M&A is an opportunity to align technology functions to strategic focus areas by pushing internal resources and top talent toward business-facing, differentiated activities while aligning commodity activities toward key strategic partners.
In an earlier post, we explored the four dimensions of the IT workforce to assess to optimize merger and acquisition (M&A) success. As we further evaluate the IT workforce implications of M&A activity, it is notable that there is a tremendous (often underutilized) opportunity to leverage the sharp increase of work from M&A deals to redefine the IT workforce and organization. Leaders can better align technology functions to strategic focus areas by pushing internal resources and top talent toward business-facing, differentiated activities while aligning commodity activities toward key strategic partners that can manage those services even after the M&A activity has ended. Certainly, a like-for-like transformation makes sense in some cases, but there are four key areas to target to seize the value of the surge of demand that comes along with M&A integration or divestitures:
- Optimize location and sourcing strategy: M&A and divestiture transactions bring tremendous complexity and demand to IT organizations and, often, these organizations are not optimized from a labor supply and location perspective to be able to ramp up and down specific services based on the business needs throughout the life cycle of integration or divestiture. M&A is an opportunity for IT leaders to create a mandate around strategic consolidation of providers and moving resources to the right locations based on economics, skills and other organizational factors. The use of M&A as a lever creates the momentum to shift delivery methods and capabilities through strategic supplier selection. For example, organizations can set the stage to move from traditional waterfall approaches into agile and DevOps. It might not happen immediately, but major transformations such as an integration can pave the way. For IT leaders seeking a push toward new platforms or the cloud, selecting and utilizing providers with these types of emerging capabilities is the right move. Additionally, leaders can seize on high-priority initiatives across the IT organization that will maximize capital efficiency and minimize run/support activities in the long term by taking advantage of optimized sourcing approaches.

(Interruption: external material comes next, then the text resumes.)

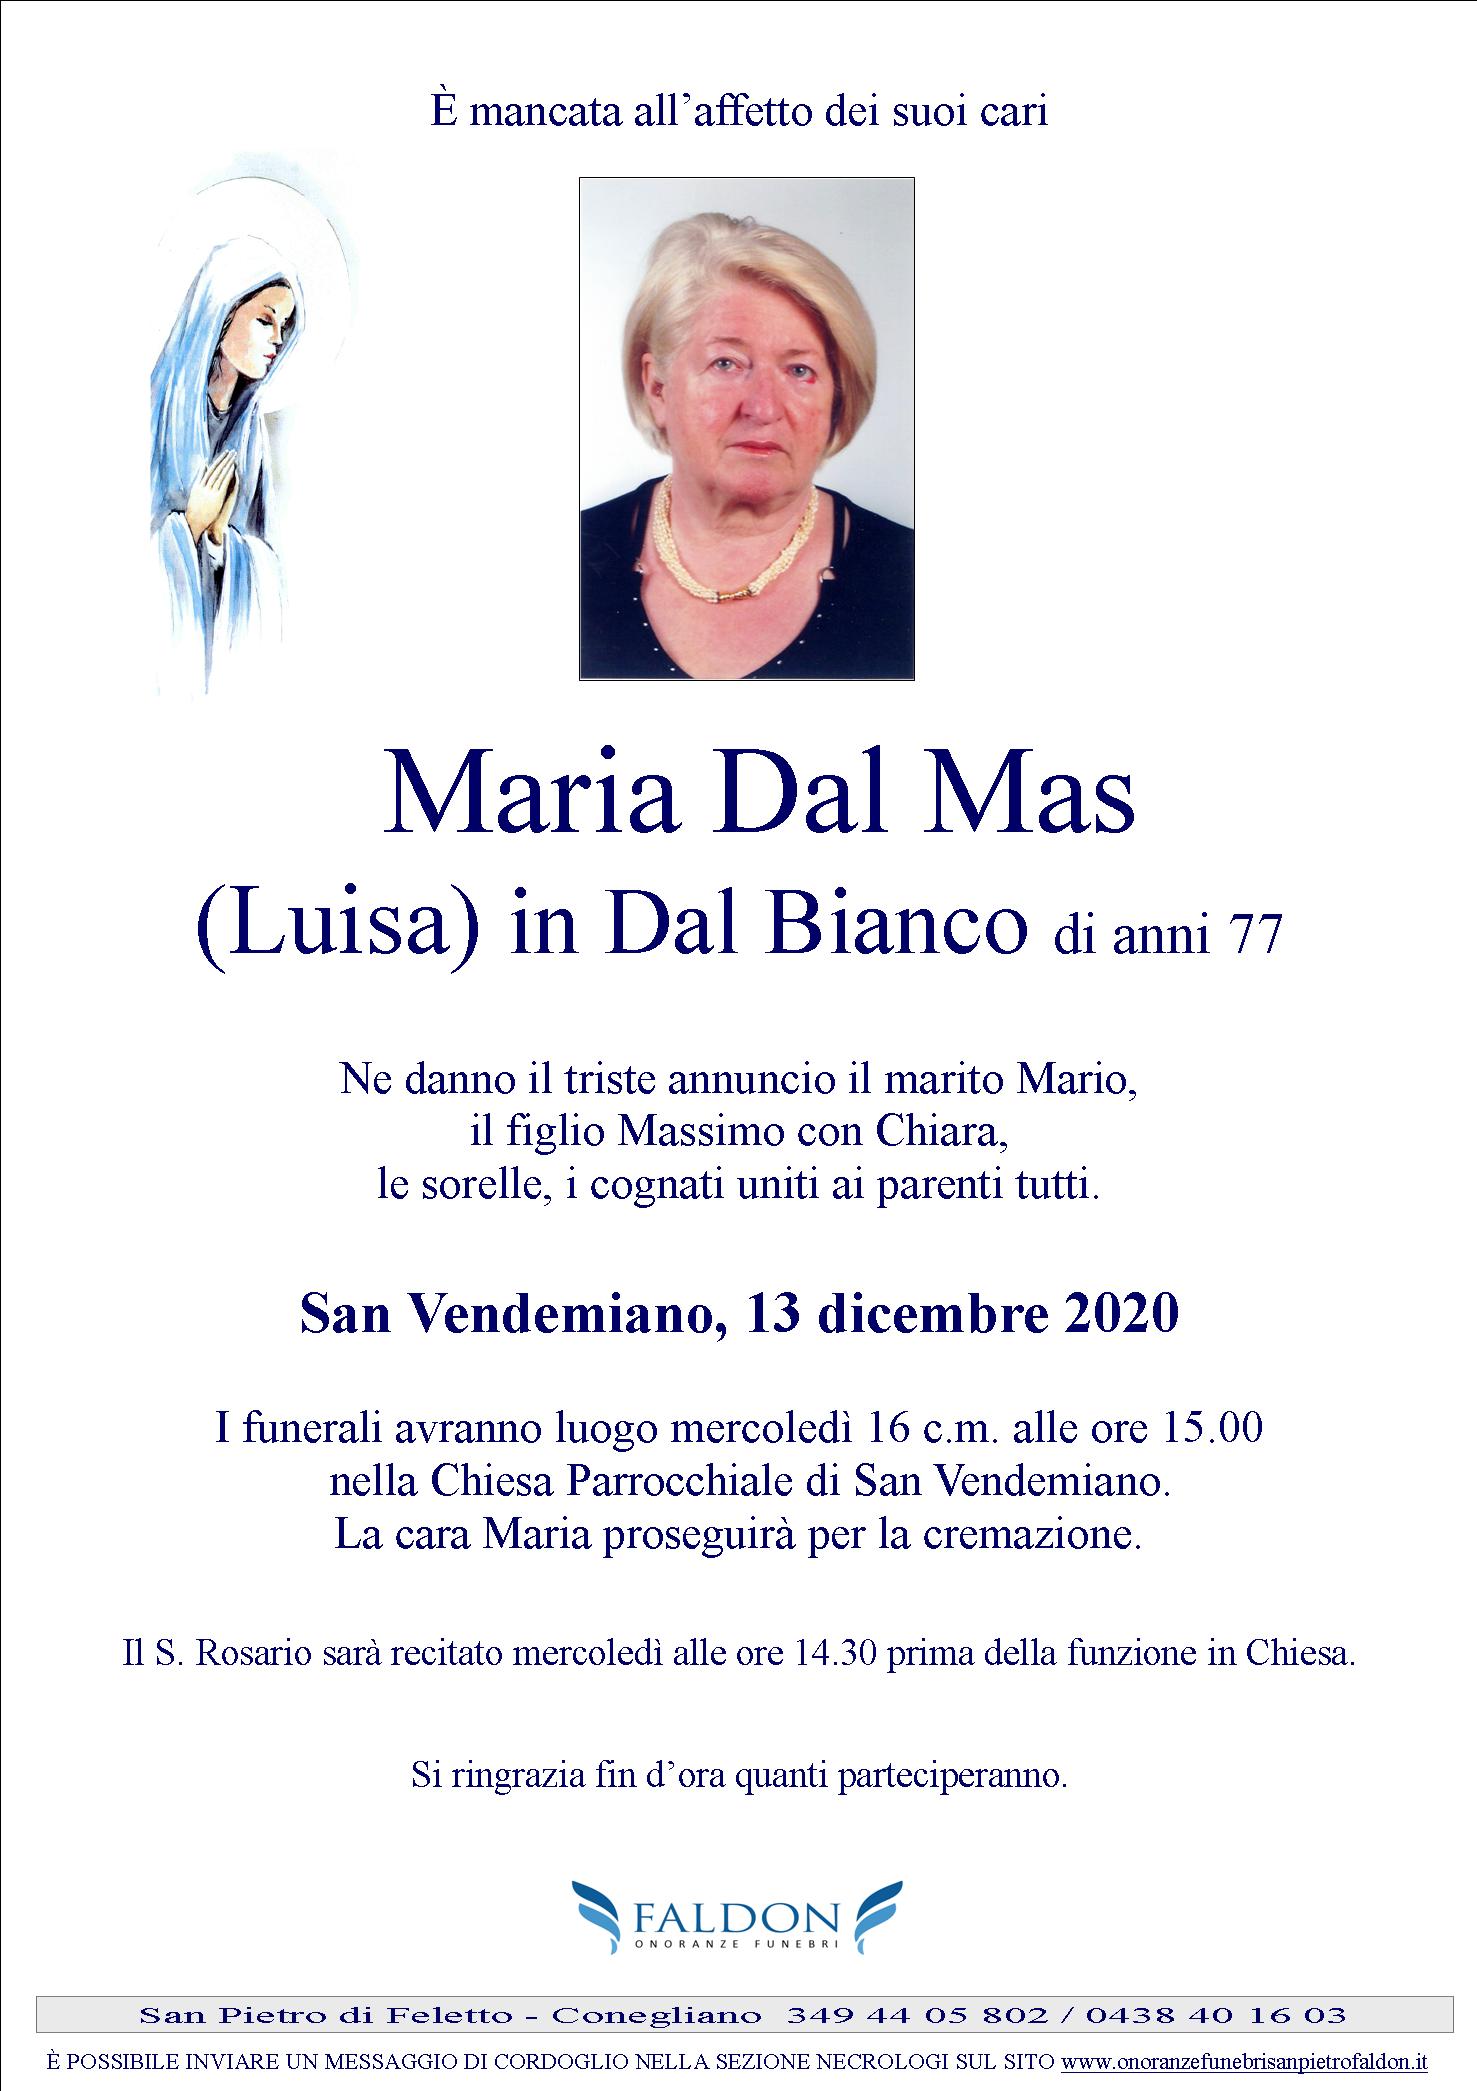 Maria Dal Mas
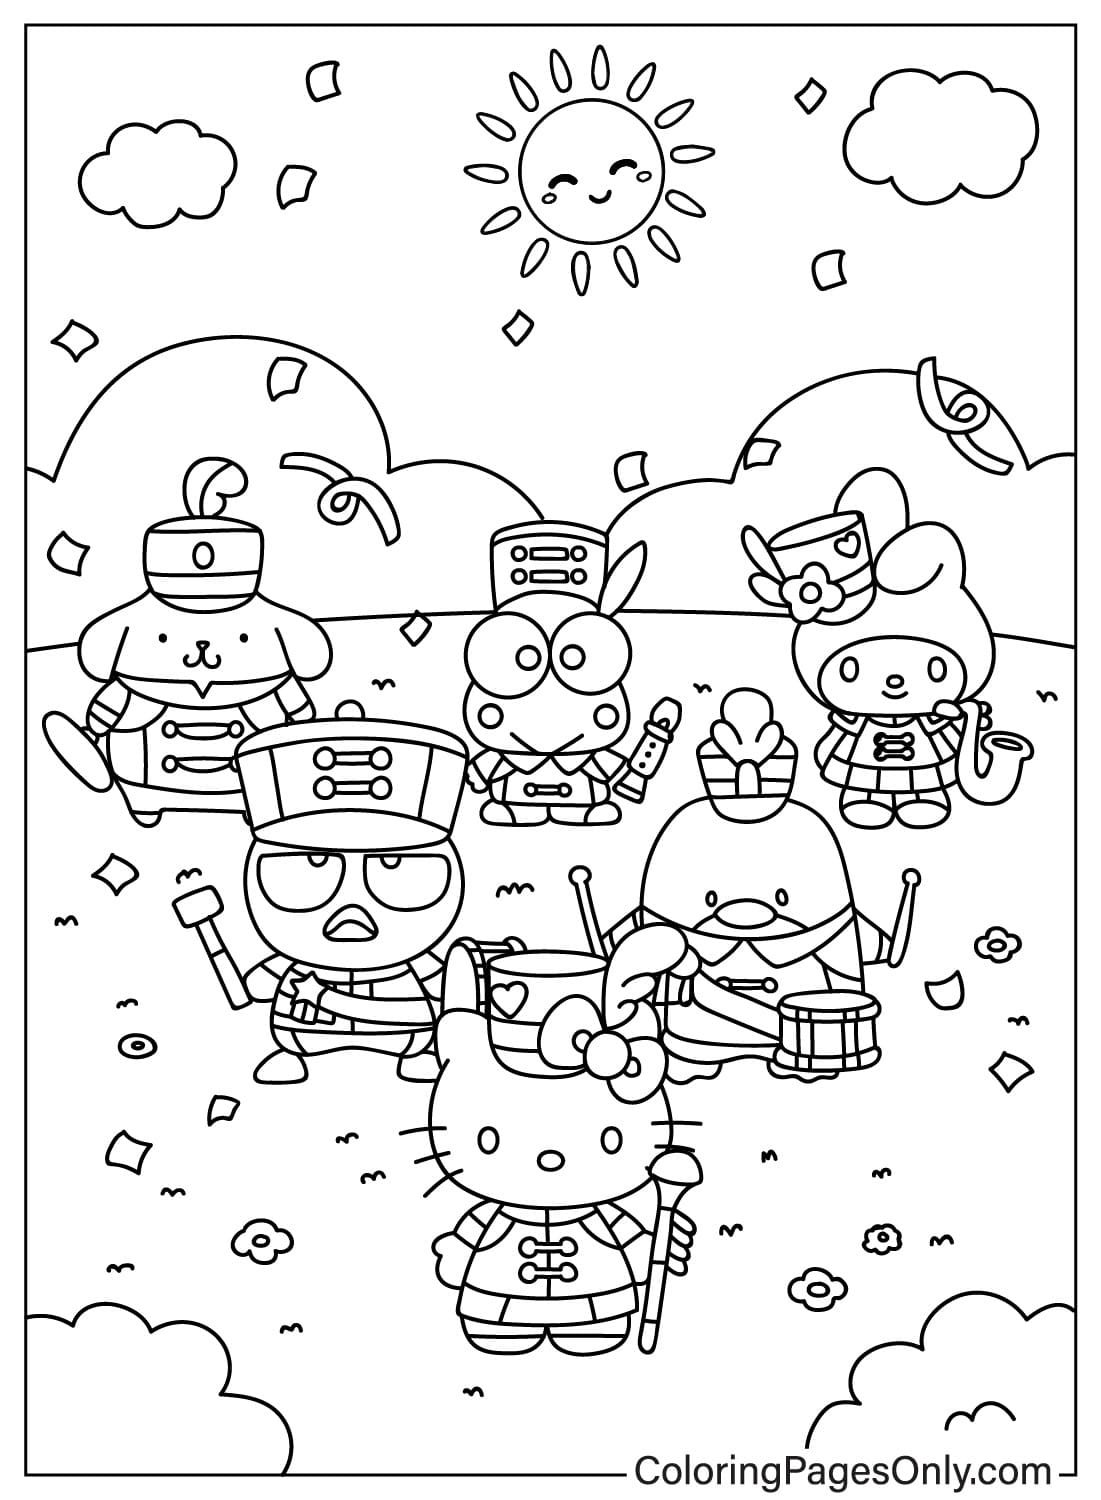 Página para colorear de Sanrio gratis de Hello Kitty

- Leverage opportunities for robotics and artificial intelligence: M&A is always a time to welcome new colleagues to the workforce — this time, they are going to include bots and machine learning algorithms. IT organizations should already be evaluating the use of robotic process automation (RPA) software and other technologies from a sourcing perspective, but this is also a chance to put these new automation and augmentation capabilities to the test within the organization. A powerful example from an information technology perspective would be a data or server factory. Moving IT services, migrating data or consolidating records can be extraordinarily laborious and complicated. Leveraging A.I. and RPA tools can significantly reduce workload, errors and time while empowering humans to do more meaningful, judgment-based work and handle the exceptions produced by A.I. tools.
- Shift the IT organization left: The concept of shifting testing left has long been standard practice in improving application development by engaging quality controls earlier in the process — moving those activities closer to the business. In the same way, M&A activity should push IT closer to the organization. Shifting IT’s operating model to more effectively capture and deliver on business demand is a common theme — but M&A both requires and provides a significant opportunity for truer IT-business integration. There is a chance to redefine traditional IT roles in ways that better align to and serve lines of business to drive revenue or improve bottom-line results. Additionally, M&A provides the opportunity to reorganize IT so that it is not focused only on traditional maintenance activities or taking orders, but instead on innovating and generating value. As M&A activities ramp up, think carefully about the optimal way to integrate internal people and skills into the business based on IT demand. This both supports the M&A activities and serves to position IT and its workforce for new opportunities in the longer term.
- Manage the talent life cycle and traditional competency models: A fundamental error that leaders sometimes make during M&A, particularly in IT, is focusing so much on the technological complexity of change that some core human capital elements are forgotten. In the short term, IT leaders need to address issues like attrition of key talent. By partnering with HR and business leaders to fund retention incentive packages or bring talented people into the enterprise from shared services centers (e.g. captives) or other labor sources, executives will make sure that there are clear lines of control to manage some of the volatility associated with M&A. In the longer term, there are two key actions that IT leaders should consider as an outcome of M&A integrations and divestitures. First, rethink the talent pipeline to rebrand the organization and attract new talent aligned to the goals of the new organization as well as exercise managed attrition activities to ensure the IT workforce is fit for purpose going forward. Second, refresh traditional competency models around IT strategy and service delivery to focus on digital transformation, cloud opportunities, innovation and robotics as well as aggressively reskill the workforce with investments in training and certification in new technologies and platforms.
Everyone knows that M&A is challenging, intricate work — no more so than in the IT organization of companies going through these types of activities. However, leaders would be remiss in not thinking about how to reshape their IT organizations and operating models in conjunction with a merger or acquisition. In many ways, this opportunity is a box that’s only temporarily opened — once it closes, it can be difficult to go back and exact the type of transformation needs for IT to remain relevant in a world of rapidly advancing and highly distributed technology capabilities in the enterprise.